Testing strategies for Step Functions
AWS Step Functions is a powerful orchestration service that lets you model even the most complex business workflows. It packs a great visualization tool (which you can also use to design your workflows visually now!) and can integrate with many AWS services directly, including Lambda, DynamoDB, and API Gateway.
It’s one of my favorite AWS services and I often use it to model complex or business-critical workflows. However, a common challenge newcomers struggle with Step Functions is how do you go about testing them?
In this post, let’s talk about the challenges with testing Step Functions, the failure modes that you should test for, and my strategy for testing Step Functions.
Anatomy of a state machine
In Step Functions, you model workflows as state machines, i.e. a series of steps of tasks that need to be performed. You can include branching logic, retry failed tasks, perform tasks in parallel, and even call out to another state machine and wait for its response.
You define the state machine using a JSON-based language, but you can also design the state machine visually using the new visual designer ( announced on Jun 17th 2021).
The Task states are the meat of a state machine as they are the places where the state machine calls out to another resource to perform some computation or data operation. Task states can integrate directly with a number of AWS services such as Lambda functions, DynamoDB tables, SNS topics, and SQS queues.
The failure modes to test for
From the testing perspective, we need to understand where things can go wrong and hope to cover as many of the possible failure modes as possible. Here are the failure modes that you should test for.

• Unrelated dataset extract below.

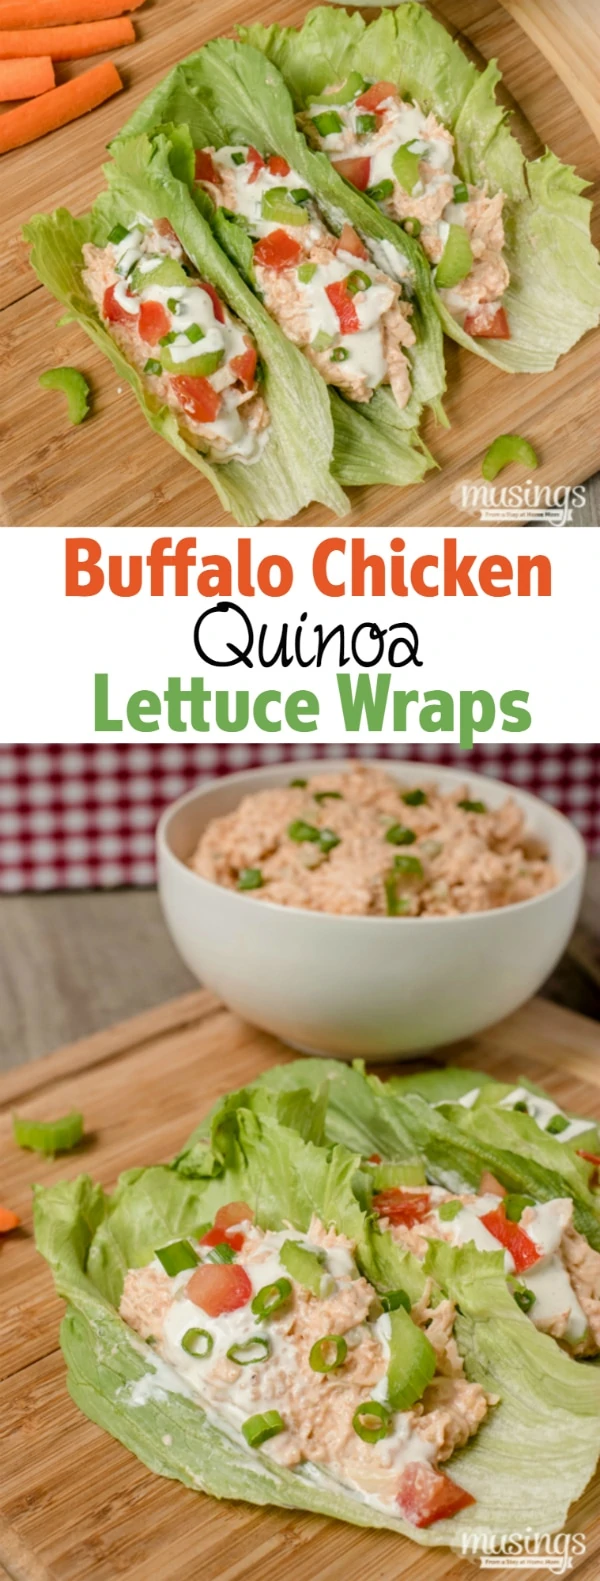 Buffalo Chicken Quinoa Lettuce Wraps are a perfect lunch or quick and easy dinner; you'll love how spicy and tangy this deliciously low carb recipe is!

Incorrect state machine definitions
There can be mistakes in the state machine definition itself. For example, the “next” state is misconfigured and pointing to the wrong state, or perhaps you forgot to override the default 30s timeout for a Task state that often runs for a few minutes, or maybe you used the wrong input or output path for a Task state.
Whatever the case, your state machine definition might be syntactically correct but it would not perform as you’d expect.
Incorrect IAM permissions
The state machine requires IAM permissions to interact with other AWS services. If you have a Task state that executes a Lambda function then the state machine must have the lambda:InvokeFunction permission for this function.

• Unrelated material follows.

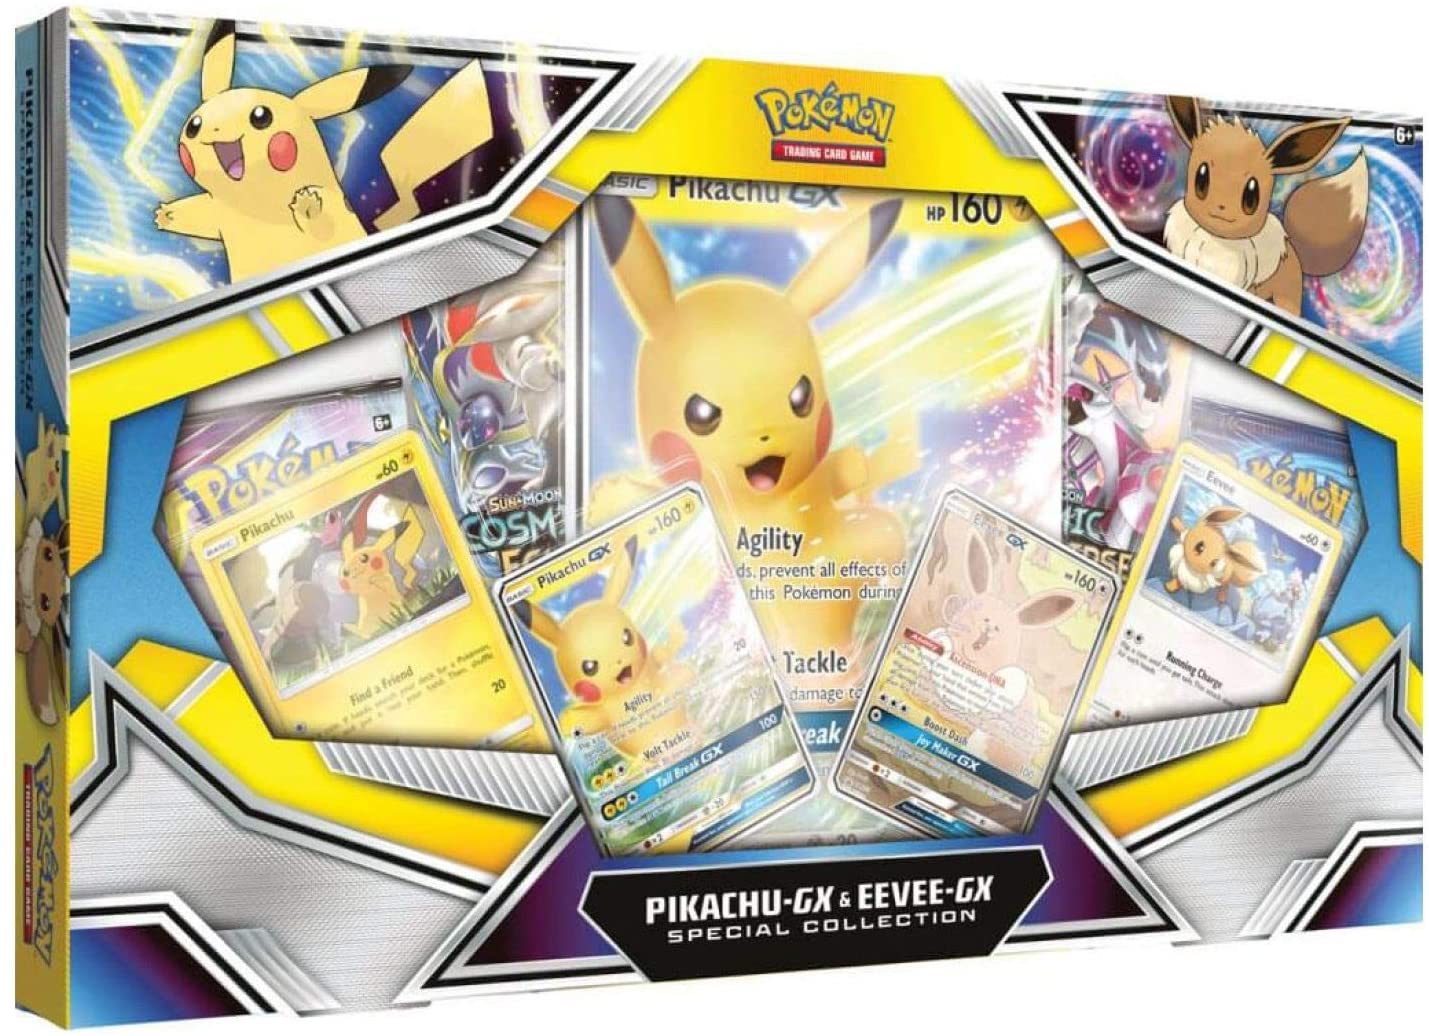 Pikachu GX & Eevee GX Special Collection Box

Similarly, if you have Task states that reads data from a DynamoDB then the state machine’s IAM role must have the necessary DynamoDB permissions too.
Incorrect integration configurations
Step Functions supports a number of service integrations out-of-the-box, including Lambda, SNS, SQS and DynamoDB. When integrating with these services, sometimes you have to provide a Parameters object and include things like the ARN for a SNS topic or the URL for a SQS queue.
Maybe the topic ARN is not configured correctly, or maybe you’re sending the wrong message, or perhaps you forgot to set the message attribute the subscriber needs to filter the incoming messages. Ultimately, the message is not delivered to the right place, and the app fails.
Bugs in the Lambda functions
Many Task states would invoke a Lambda function to exercise some custom business logic. And you might have bugs in the Lambda function itself. This includes a whole class of potential failure modes including bugs in your business logic, misconfigured IAM permissions, or any number of program errors that can fail the Lambda invocation (null reference exception, missing dependencies, etc.)
In short, there are a lot of ways your state machines can fail and you should aim to catch as many of them with automated tests as possible.
Many state machines in the wild can be pretty complex, take this one from CocaCola as an example!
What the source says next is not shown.